#### DATA SHOWN
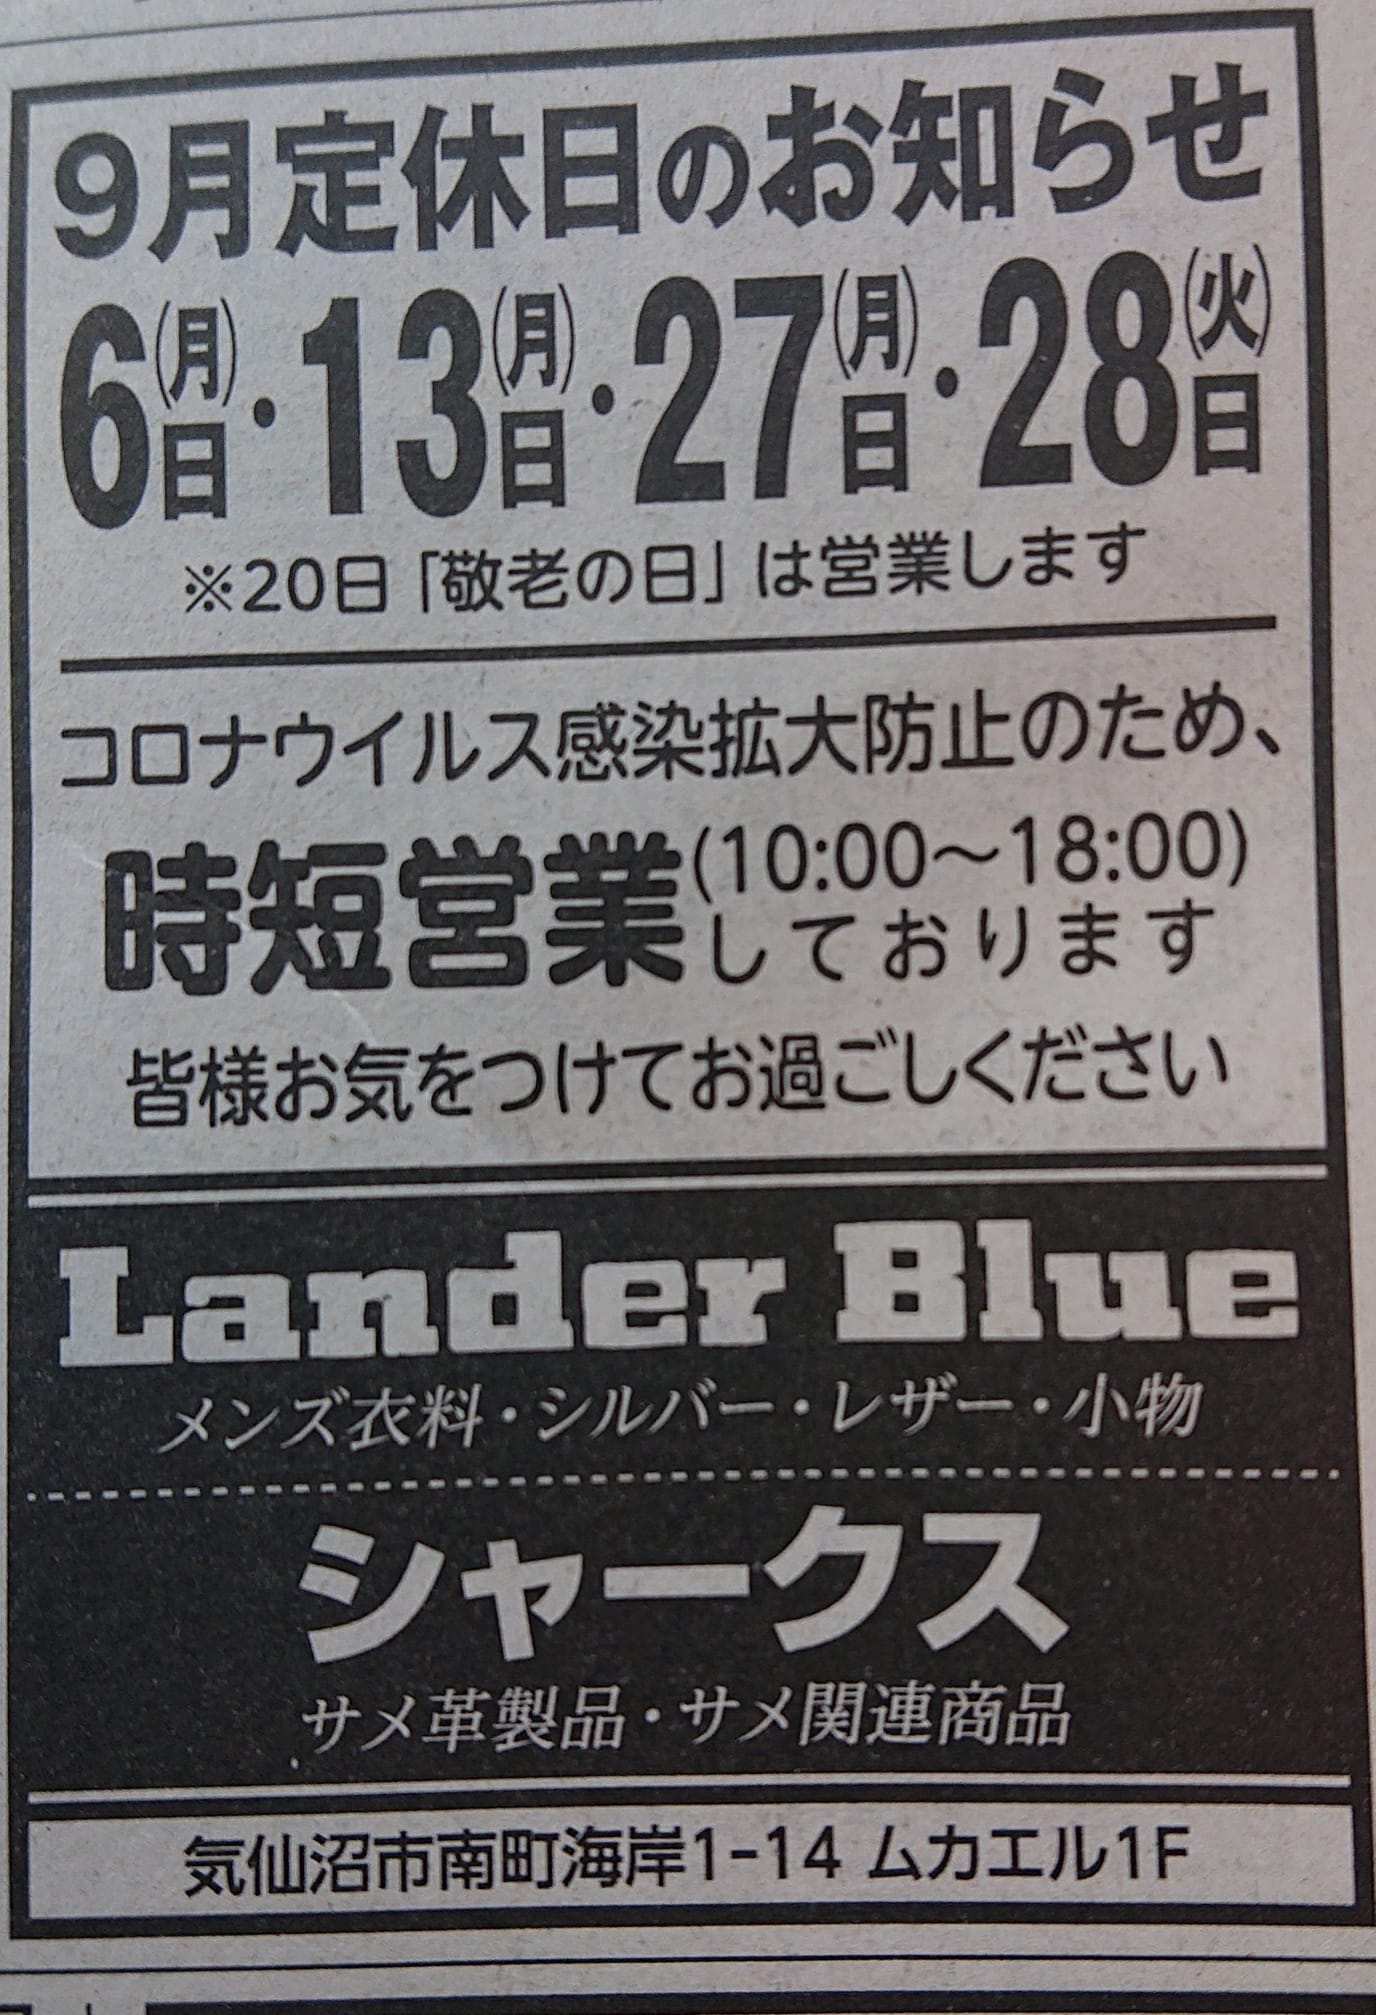 今月のLander Blue・SHARKSのお休み予定です！
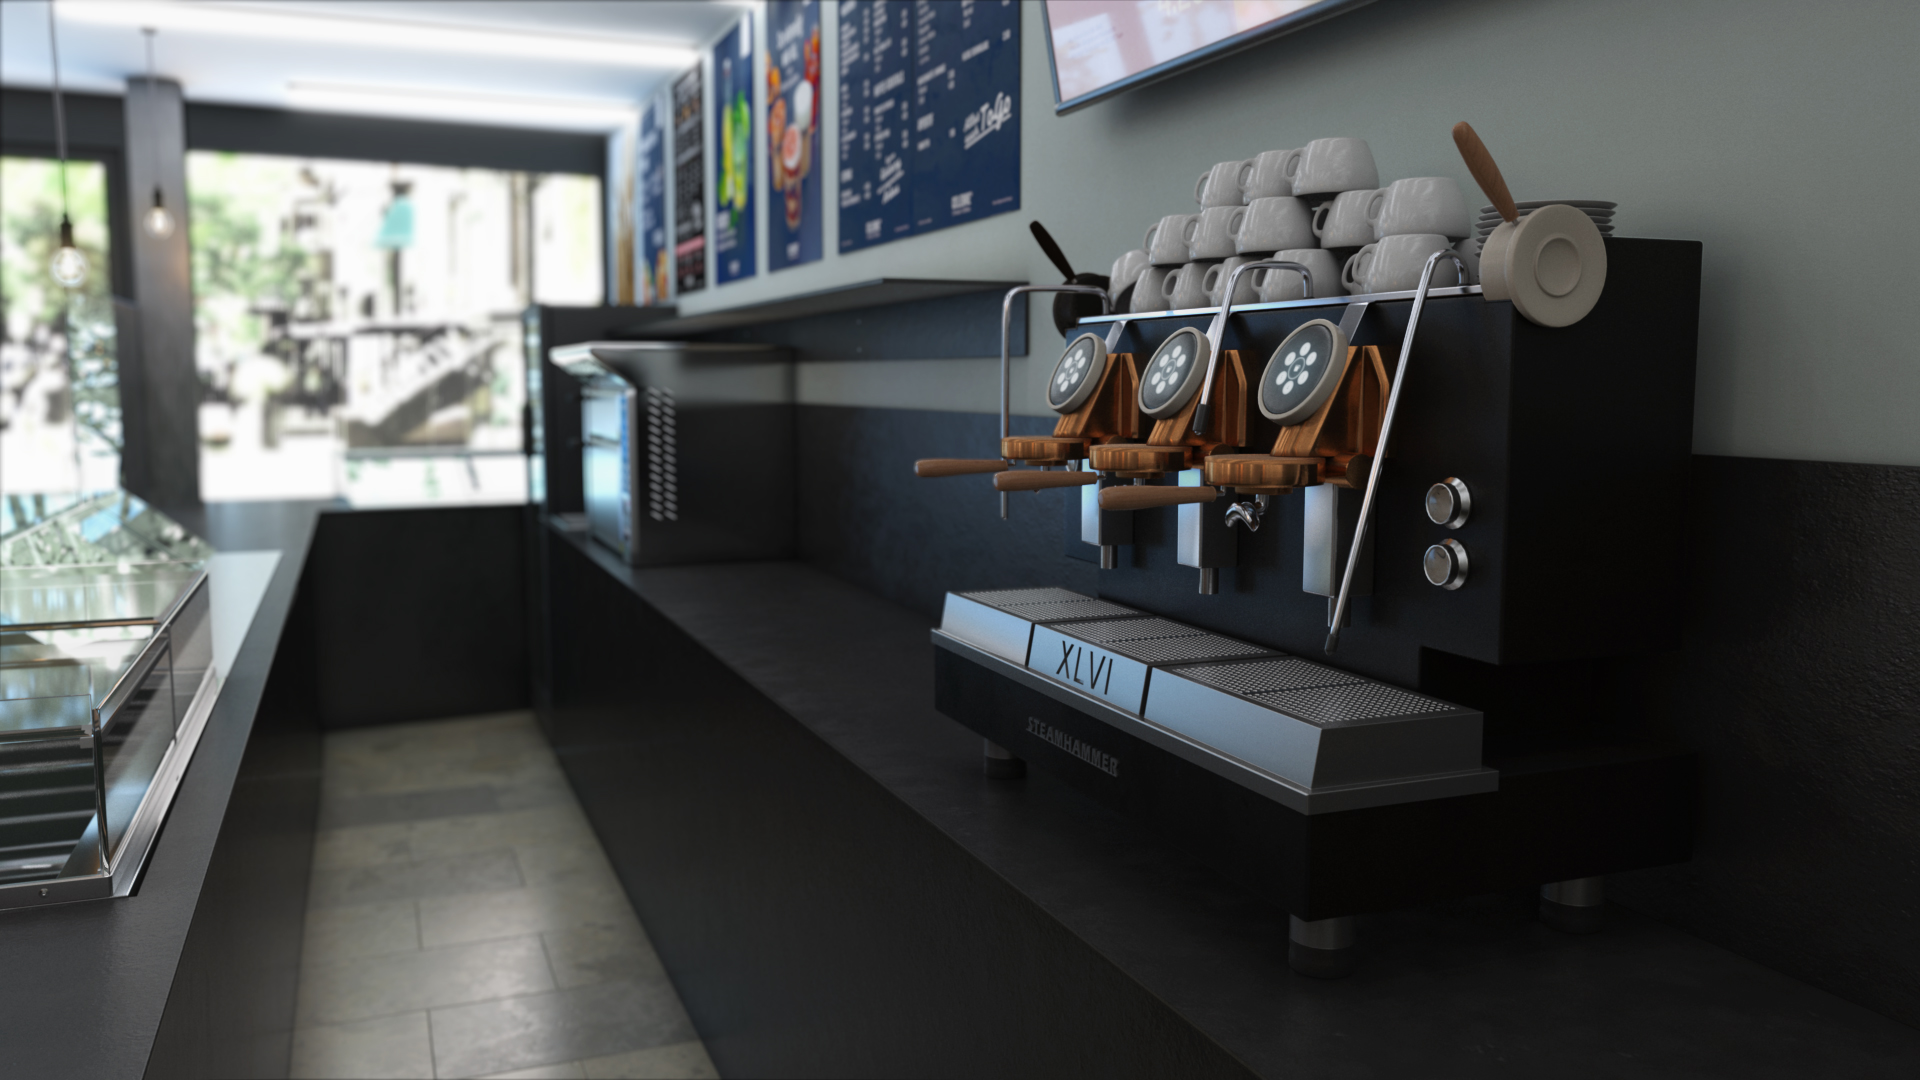 3D generiertes Bild einer Siebträgermaschine in einer Cafebar
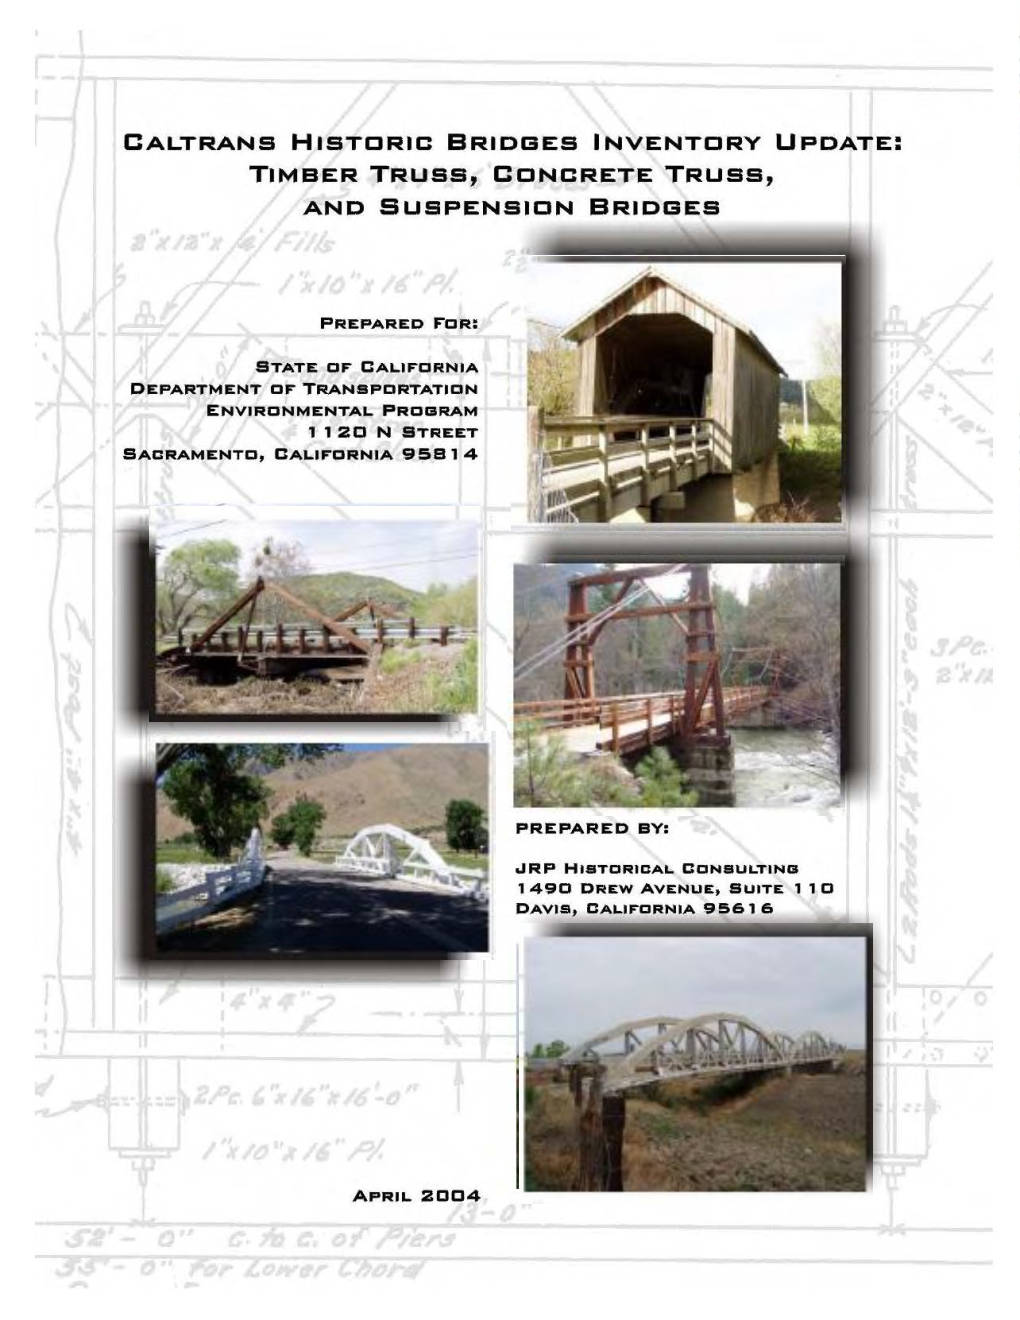 Caltrans Historic Bridge Inventory Update: Timber Truss, Concrete Truss, and Suspension Bridges
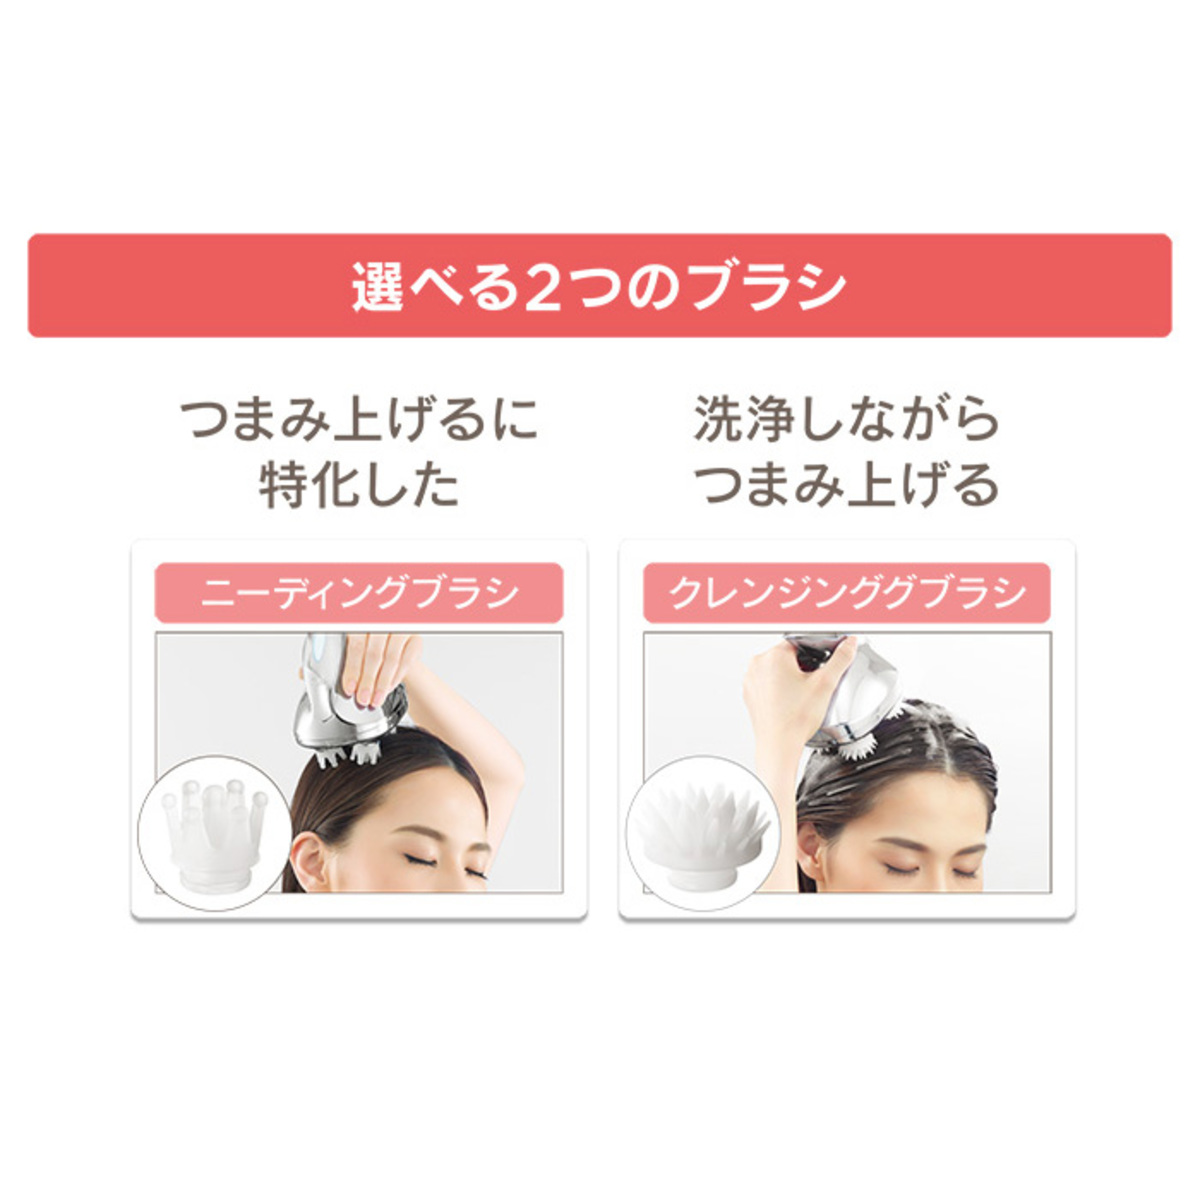 ReFa GRACE HEAD SPA[リファグレイスヘッドスパ] - QVC.jp
########
■ WHAT NEEDS TO BE DONE ■
Output the data exactly. Leave every picture out.

■ SOLUTION BELOW ■
 今月のLander Blue・SHARKSのお休み予定です！
 3D generiertes Bild einer Siebträgermaschine in einer Cafebar
 Caltrans Historic Bridge Inventory Update: Timber Truss, Concrete Truss, and Suspension Bridges
 ReFa GRACE HEAD SPA[リファグレイスヘッドスパ] - QVC.jp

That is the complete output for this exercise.